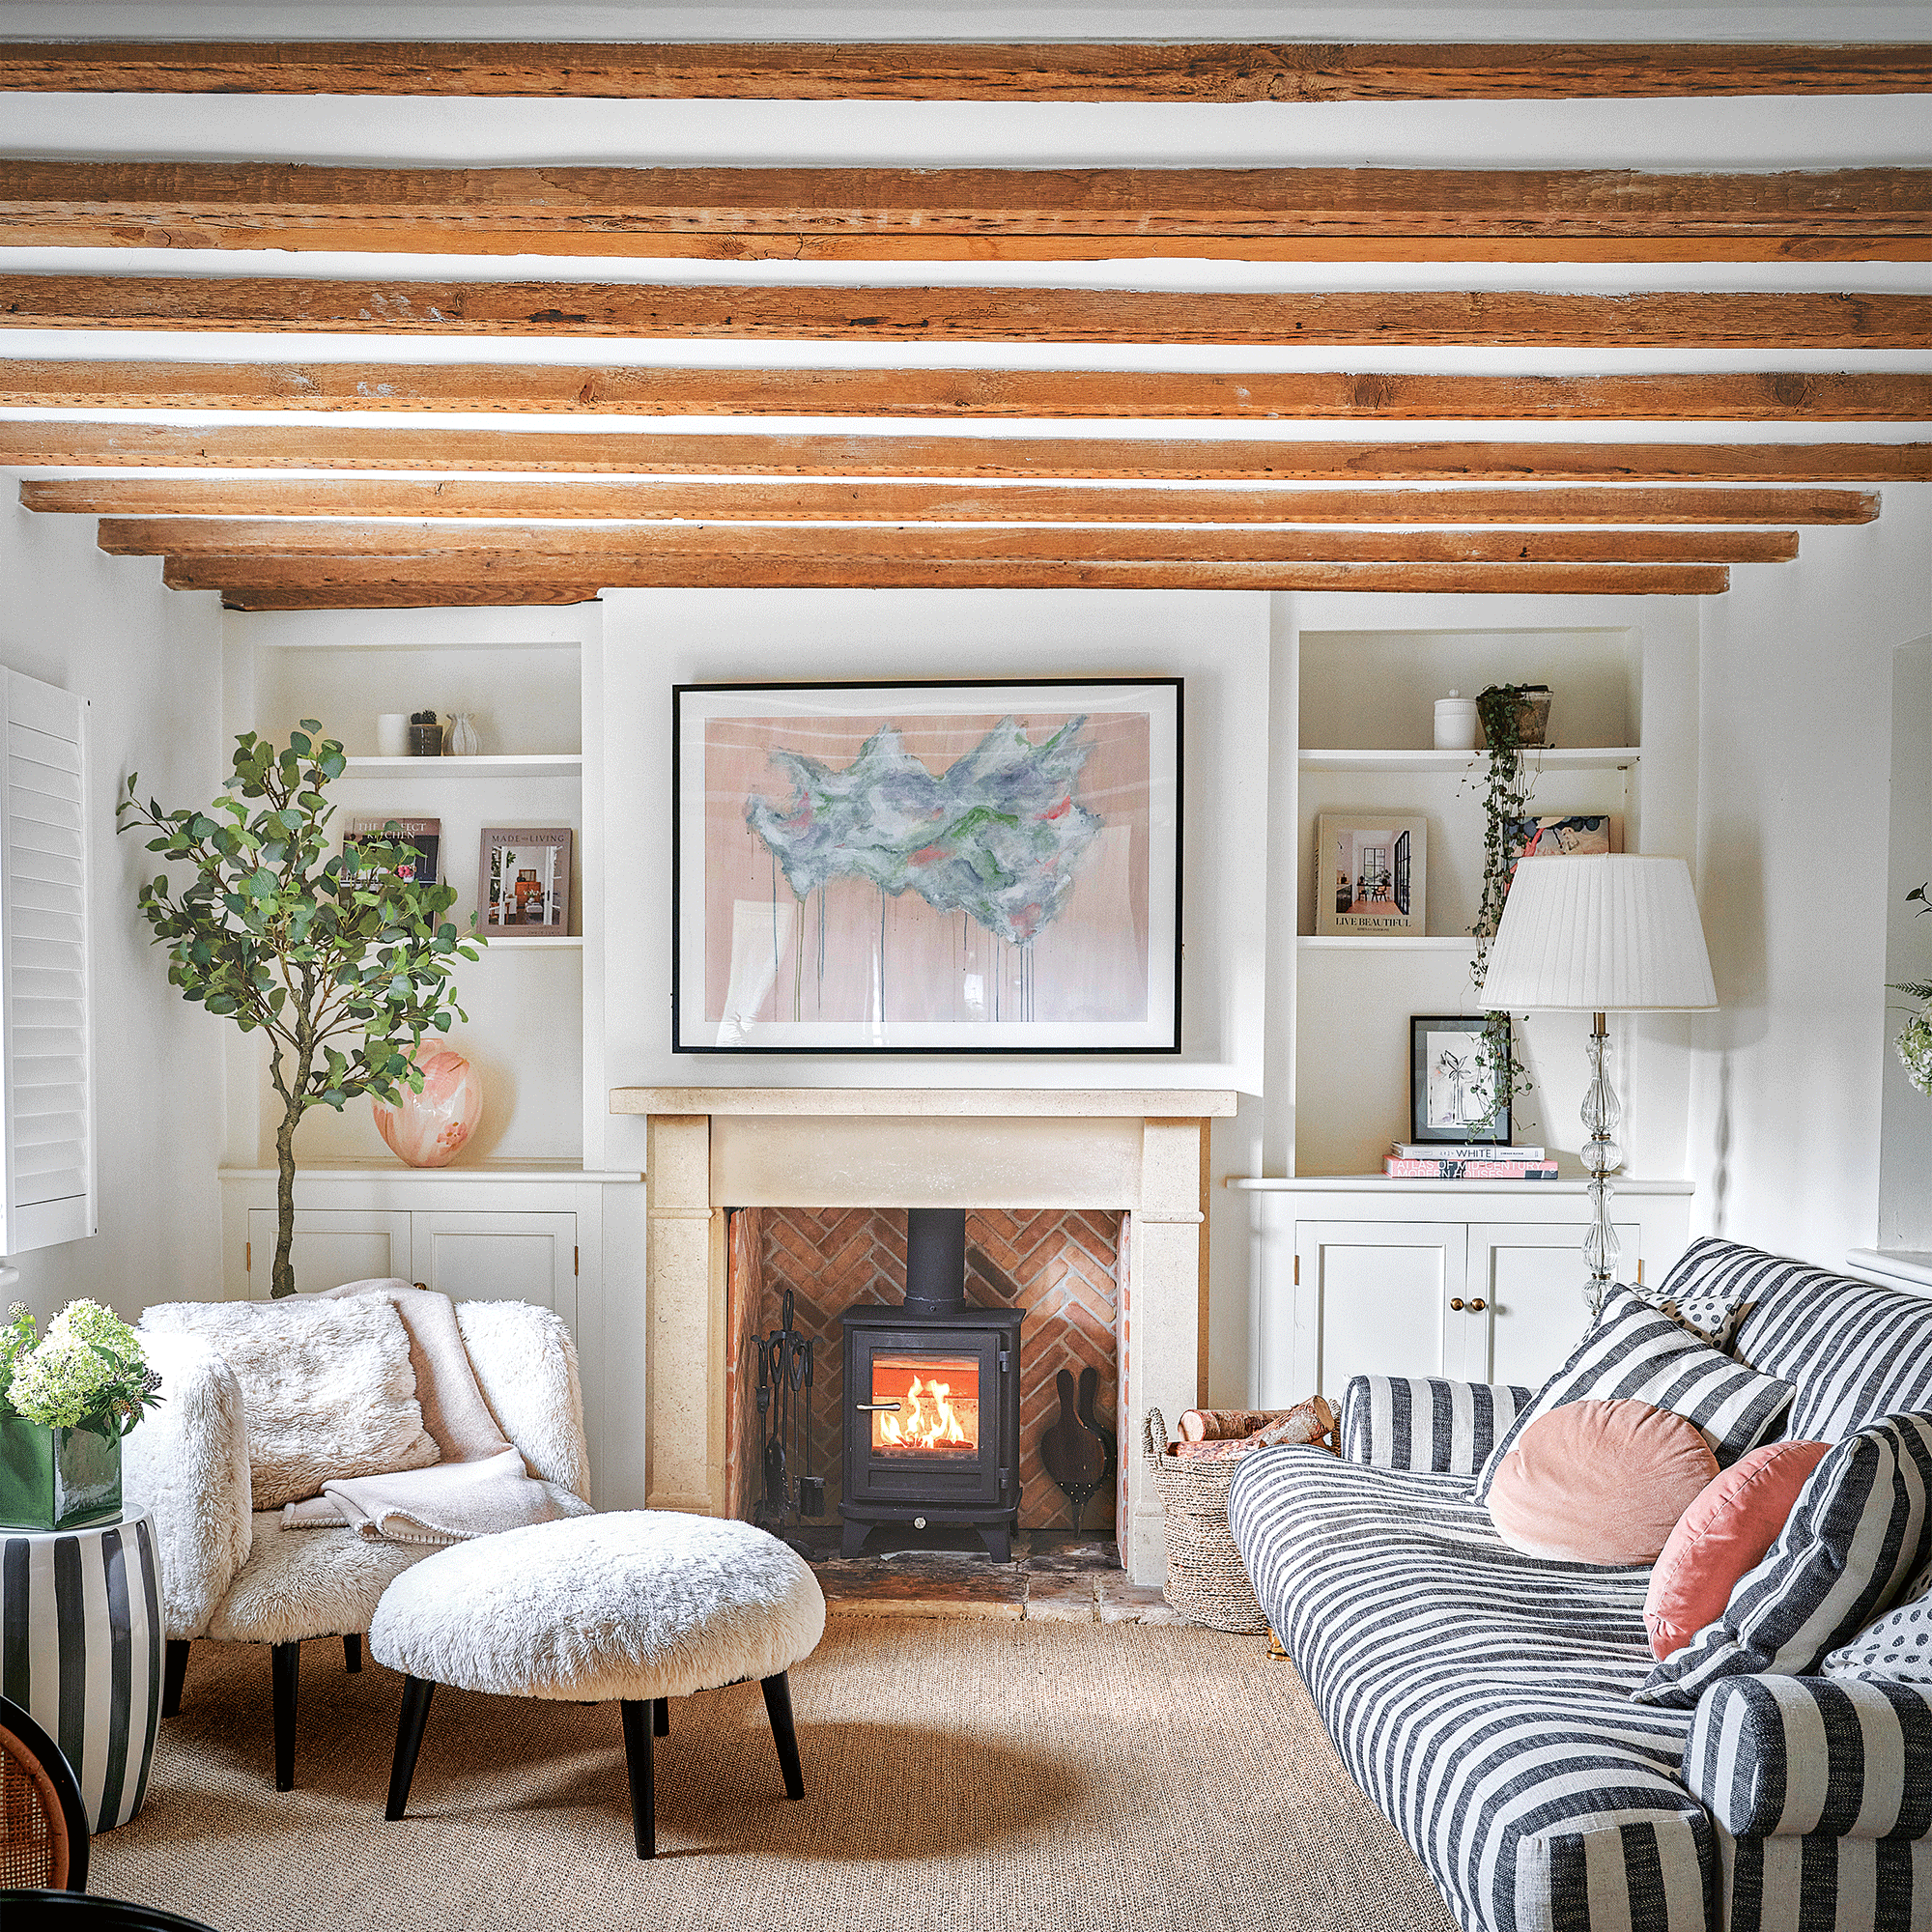 Living room ceiling ideas – perk up your 5th wall with our expert advice
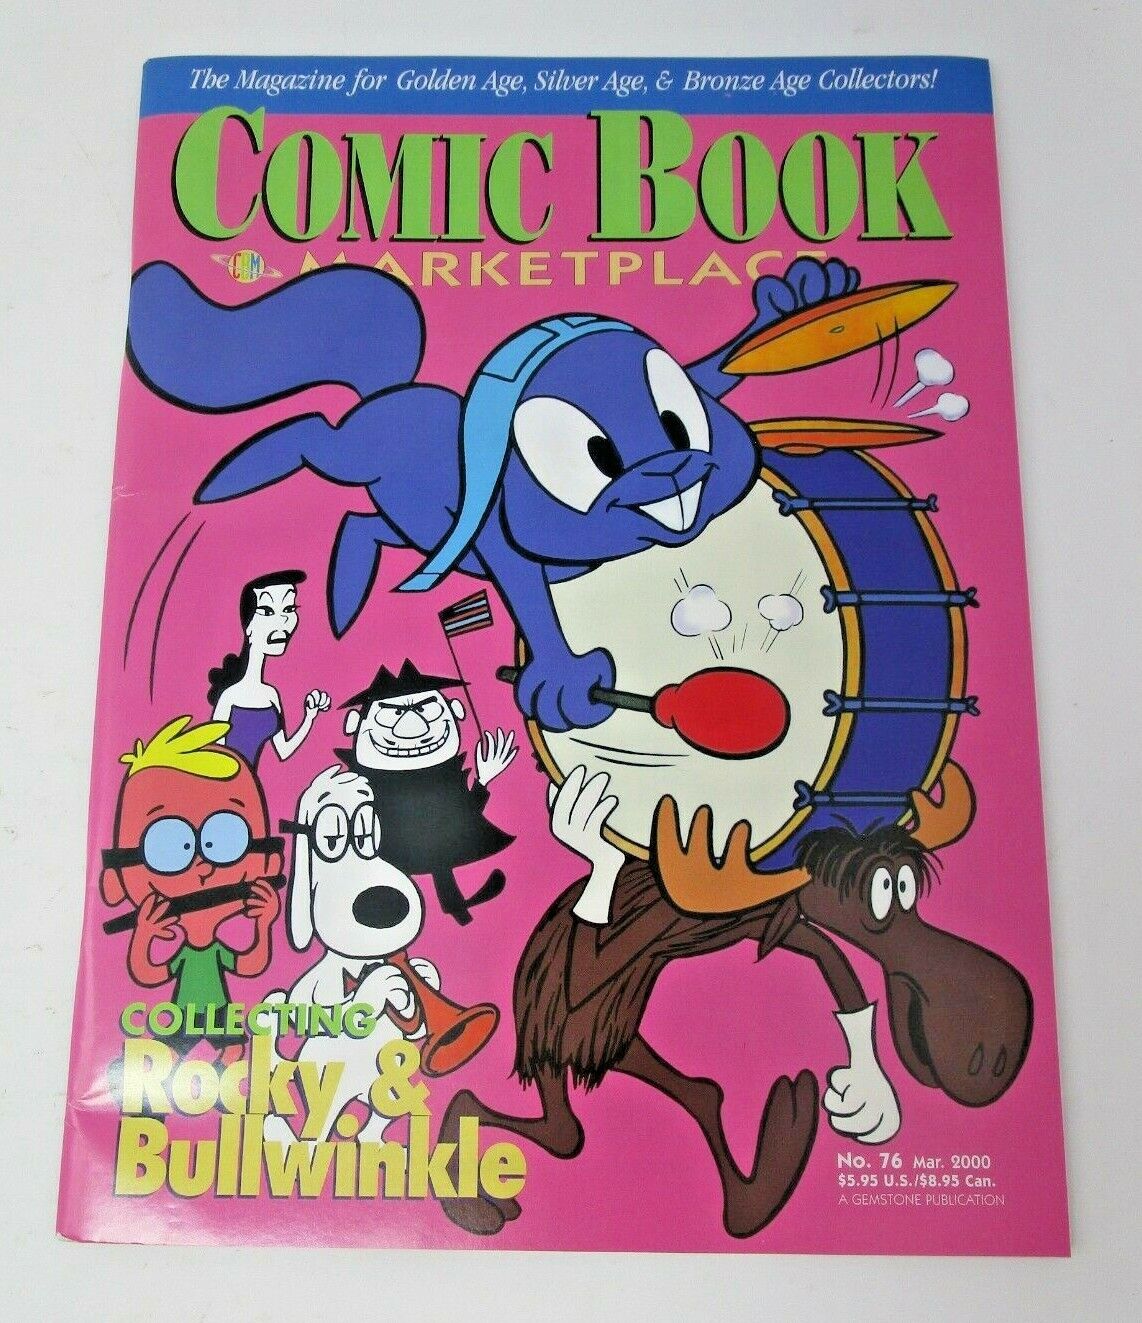 Comic Book Marketplace #76 March 2000 [FN] Magazine 1993 Series
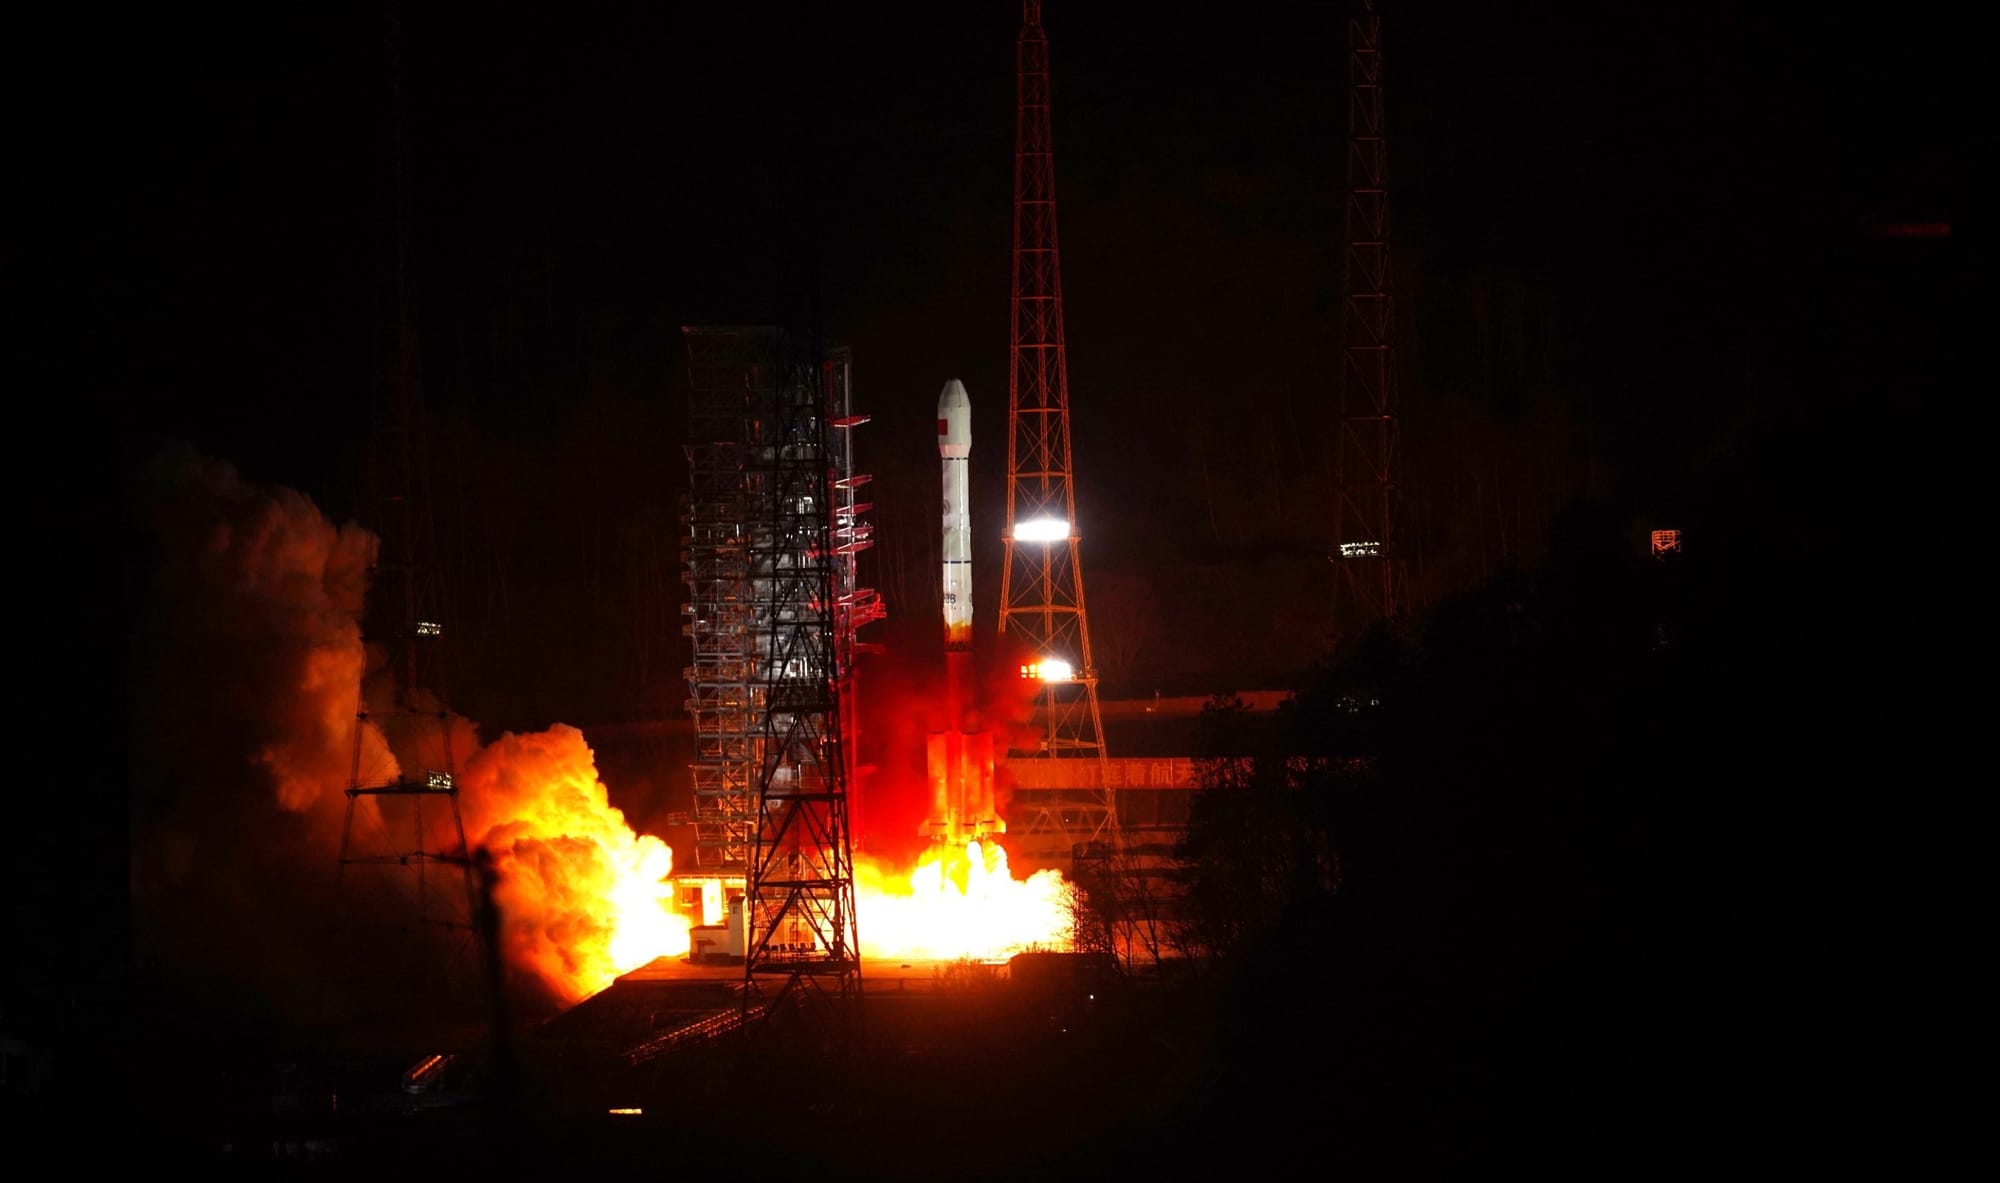 The Long March 3B/E Y95 rocket lifting off from Xichang Satellite Launch Center. ©Xiao Xinjiang/China Central Television
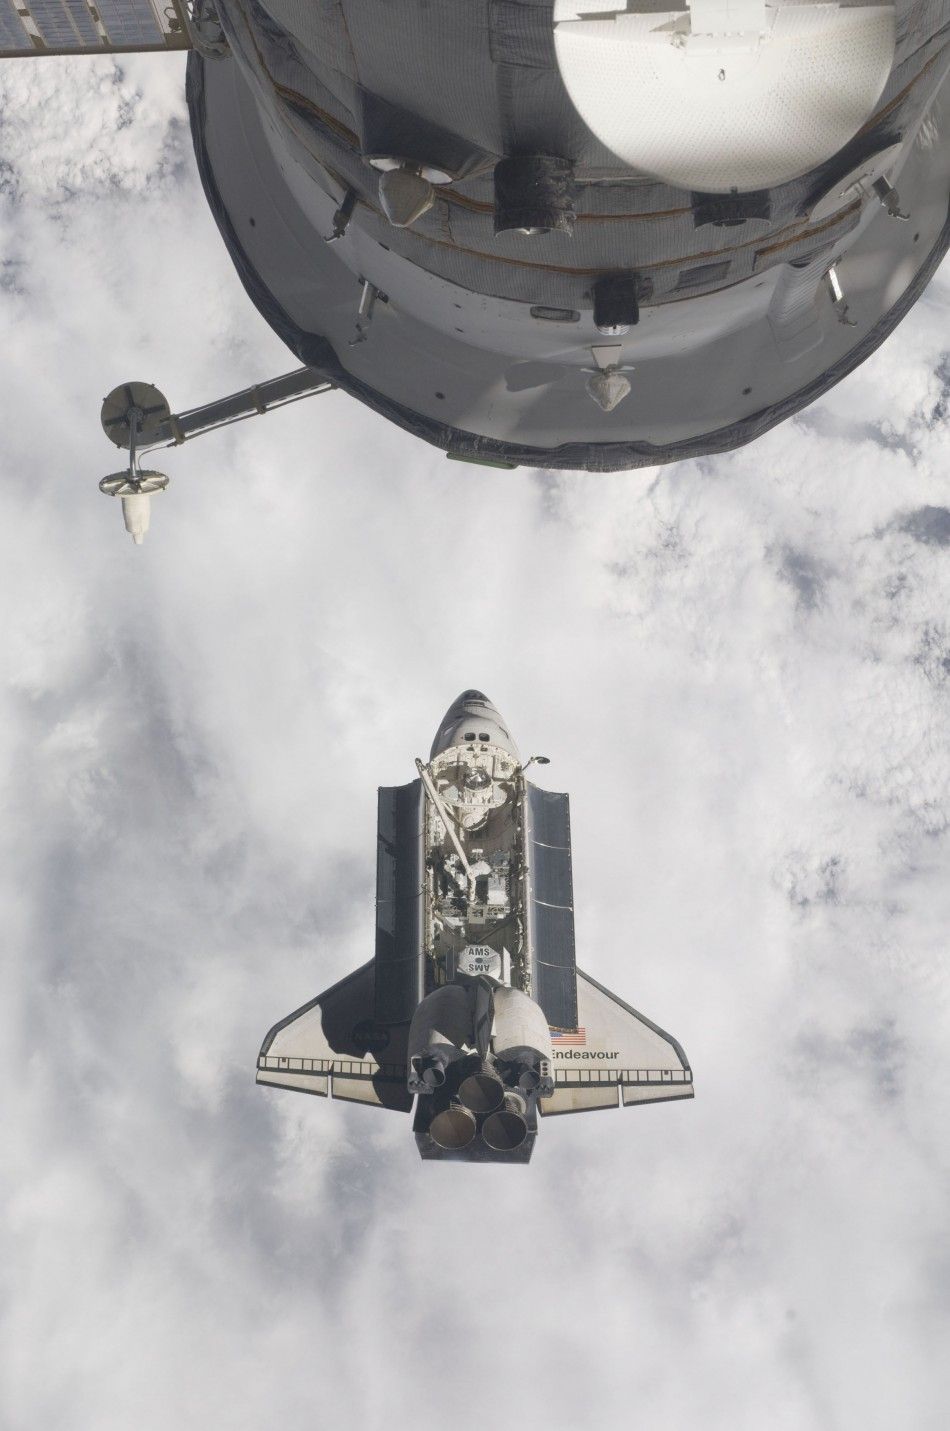 Handout photo shows the space shuttle Endeavour with the ISS in the foreground as the two spacecraft made their relative approach for docking.
◇ ◇ ◇ ◇ ◇
Repeat the material exactly as it reads, without any of its pictures.

- RESULT:
 Living room ceiling ideas – perk up your 5th wall with our expert advice
 Comic Book Marketplace #76 March 2000 [FN] Magazine 1993 Series
 The Long March 3B/E Y95 rocket lifting off from Xichang Satellite Launch Center. ©Xiao Xinjiang/China Central Television
 Handout photo shows the space shuttle Endeavour with the ISS in the foreground as the two spacecraft made their relative approach for docking.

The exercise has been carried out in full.